Sometimes called the “poor man’s cocaine,” captagon is an amphetamine-type substance like speed that can trigger a boost in energy and alertness as well as a sense of euphoria or invincibility. Already popular in parts of the Middle East with everyone from teenagers to low-income construction workers, the narcotic is easy to make. It’s also been associated with militants in Iraq and Syria.

A video released on Thursday showed the suspects under surveillance moving the haul from Dubai into a neighboring emirate. Authorities said they were arrested “red-handed,” though the UAE’s announcement didn’t mention where the containers originated or name the suspects behind them.

The Dubai captagon haul represents the third-largest seizure in recent years. In 2021, Malaysian authorities — tipped off by their counterparts in Saudi Arabia — impounded about 95 million tablets, weighing around 16 tons and having an estimated market value of about $1.2 billion, concealed inside rubber trolley wheels. 

The previous year, Italy seized some 84 million pills, weighing about 14 tons and valued at $1.1 billion.
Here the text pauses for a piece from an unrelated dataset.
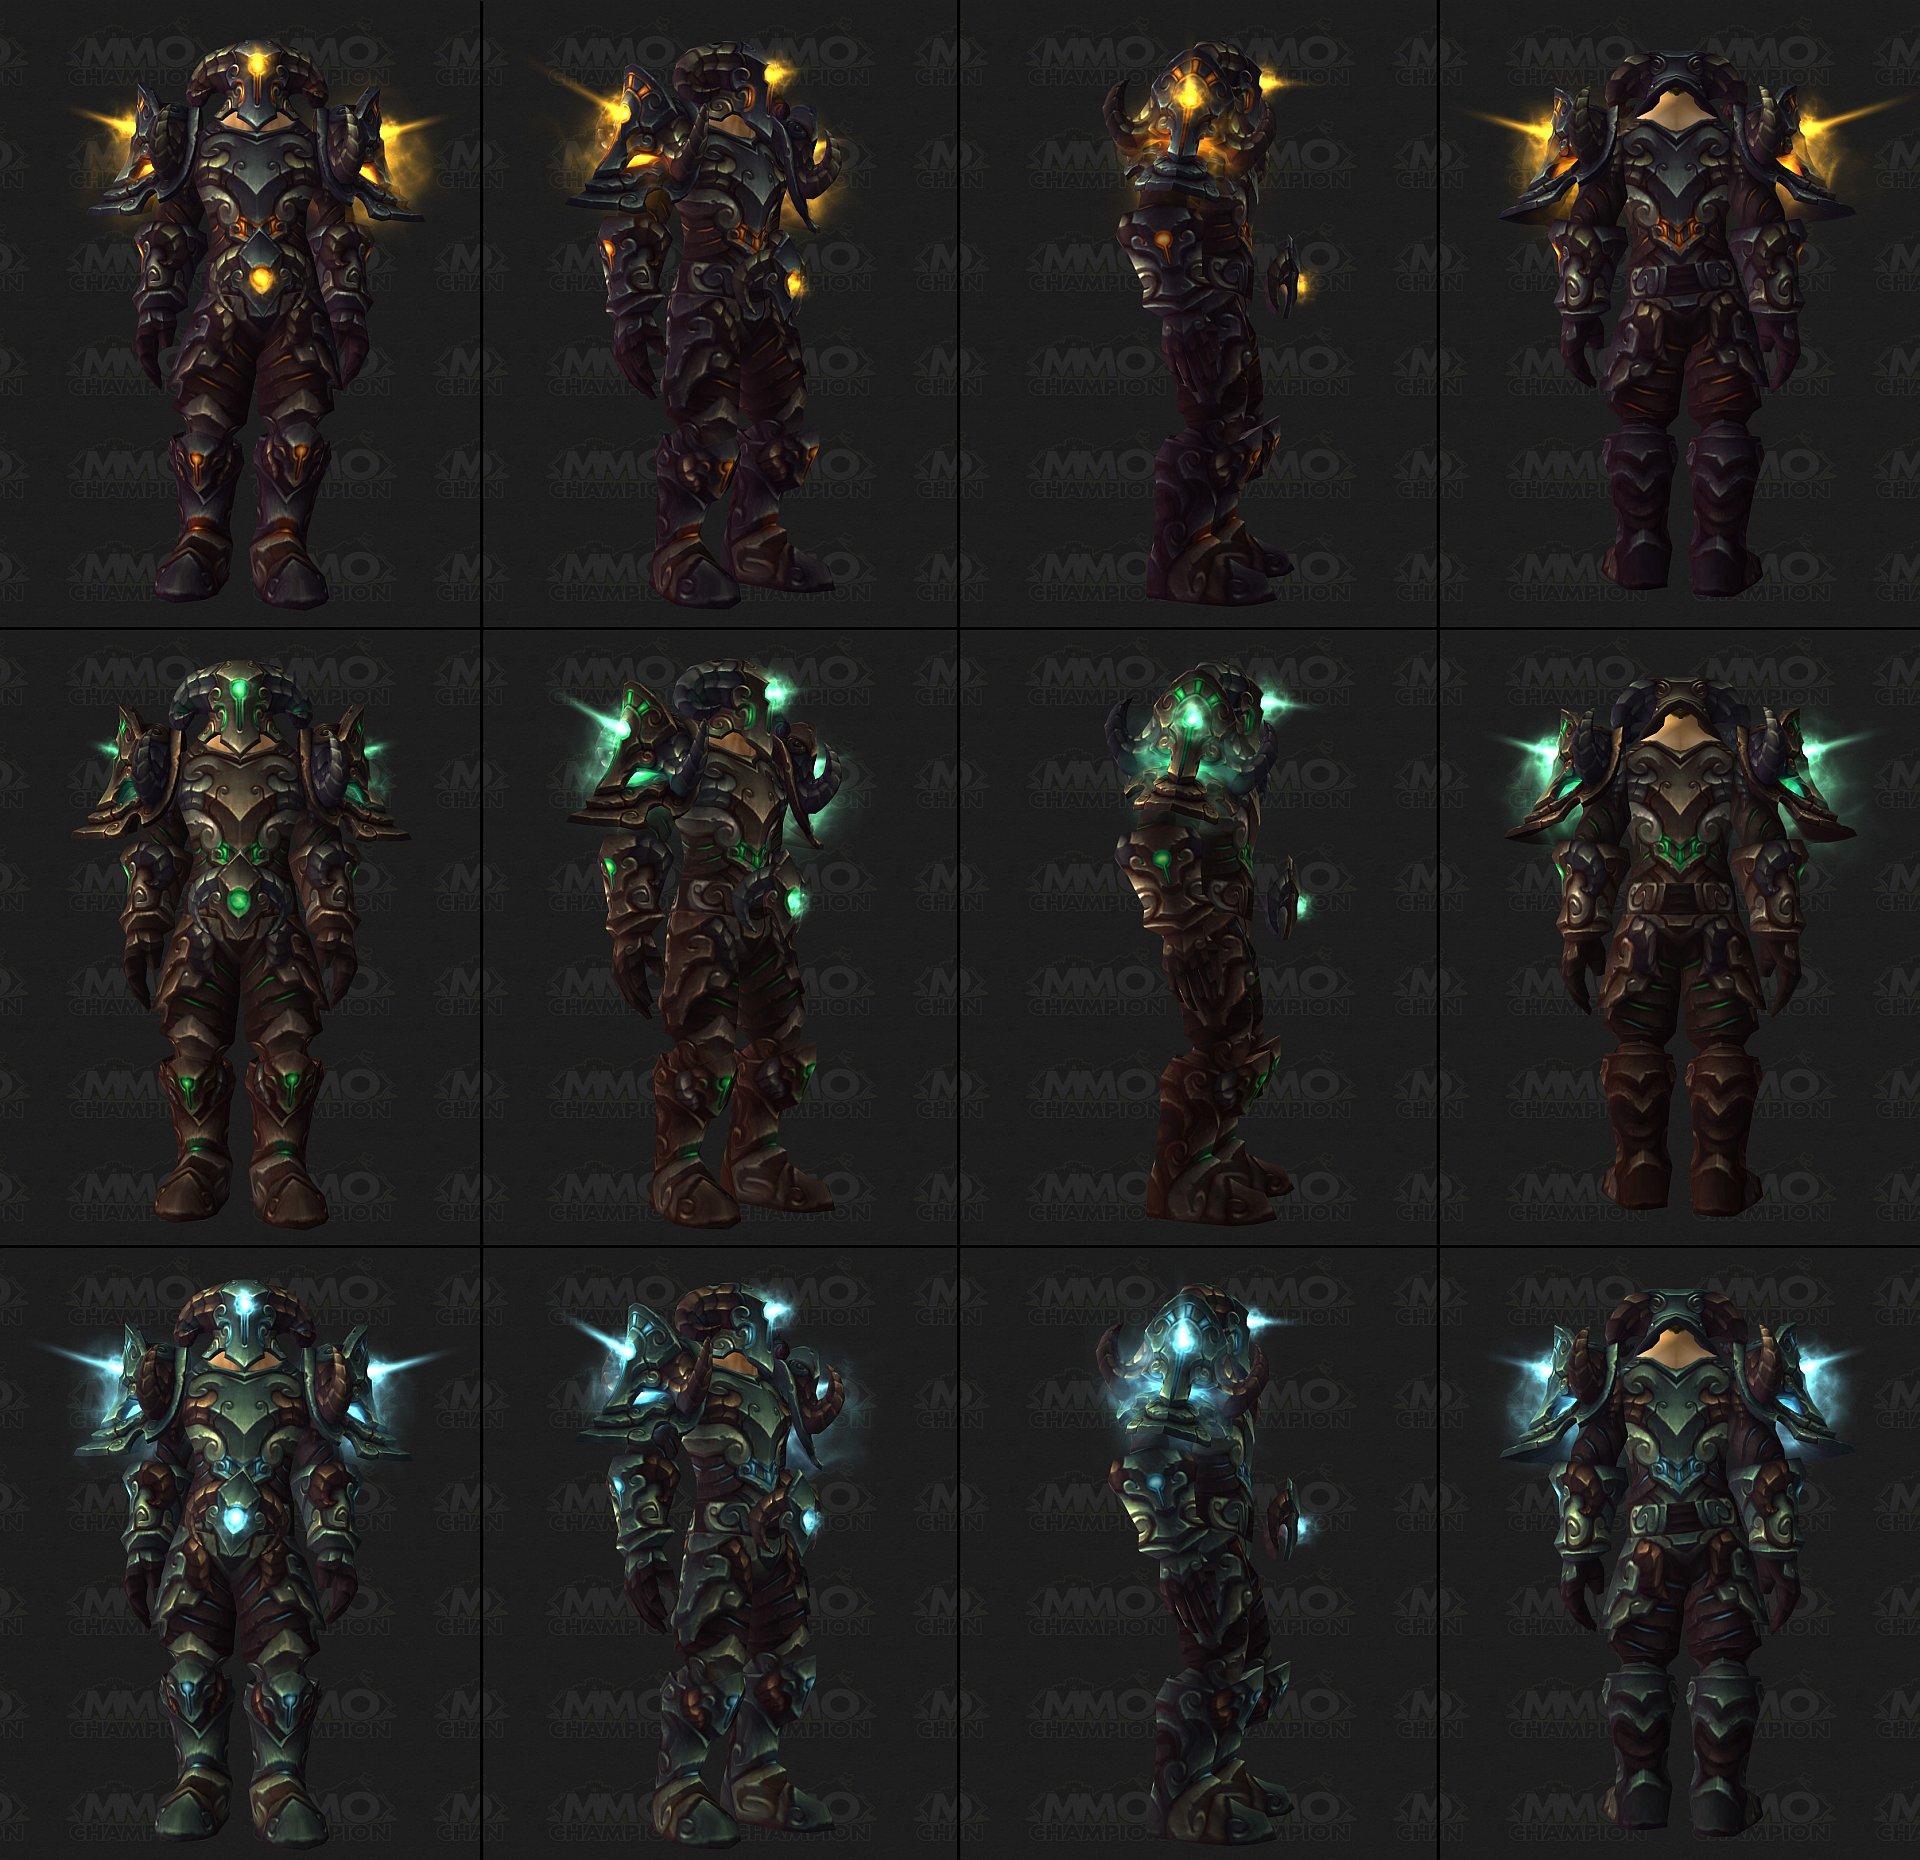 Todesritter T16 Set - Quelle: mmo-champion.com/content/3299-Tier-16-Death-Knight-Set-5-4-NYI-Glyphs-July-8-Raid-Testing-Blue-Posts-DLC-396

Hidden in containers of paper rolls and metal gears, they arrived at the port of Salerno from the Syrian port city of Latakia.

Selling for around $3 to $25 per tablet, captagon is primarily produced and trafficked by individuals and groups tied to Syrian President Bashar Al-Assad and his ally, the Lebanese militia Hezbollah, according to the US State Department and Treasury, the UK’s Foreign Office as well as independent researchers. 

Captagon has become a vital revenue generator for Assad and his inner circle who are heavily sanctioned by the West for their bloody crackdown on protesters starting in 2011. 

The trafficking of captagon has generated business to the tune of $7 billion to $10 billion over the past three years, with most of the profits benefiting Assad and his allies in neighboring Lebanon, according to the Washington-based think tank the New Lines Institute.

‘Vital’ Profits

“Captagon is vital for the Syrian regime, Assad’s family, militias and institutions in the army,” Samih al-Maaytah, Jordan’s former minister of information, told Al Jazeera last week. “They’re all profiting from it.”

Jordan has mobilized its army at the border with Syria and has conducted strikes inside its neighbor against suspected production sites and individuals involved in trafficking as it struggles to stem the flow of the drug across the porous frontier. 

In an unusually frank remarks, Maaytah said Assad could be using the proliferation of captagon to punish Jordan and other Arab countries in the region that previously supported opposition politicians and rebel groups who sought to topple the Syrian leader at the onset of the nation’s 2011 uprising.

European officials have told Bloomberg the drug’s spread was now becoming a threat to Europe, with Assad using his leverage to get sanctions relief from the West and reconstruction funds from wealthy Arab states.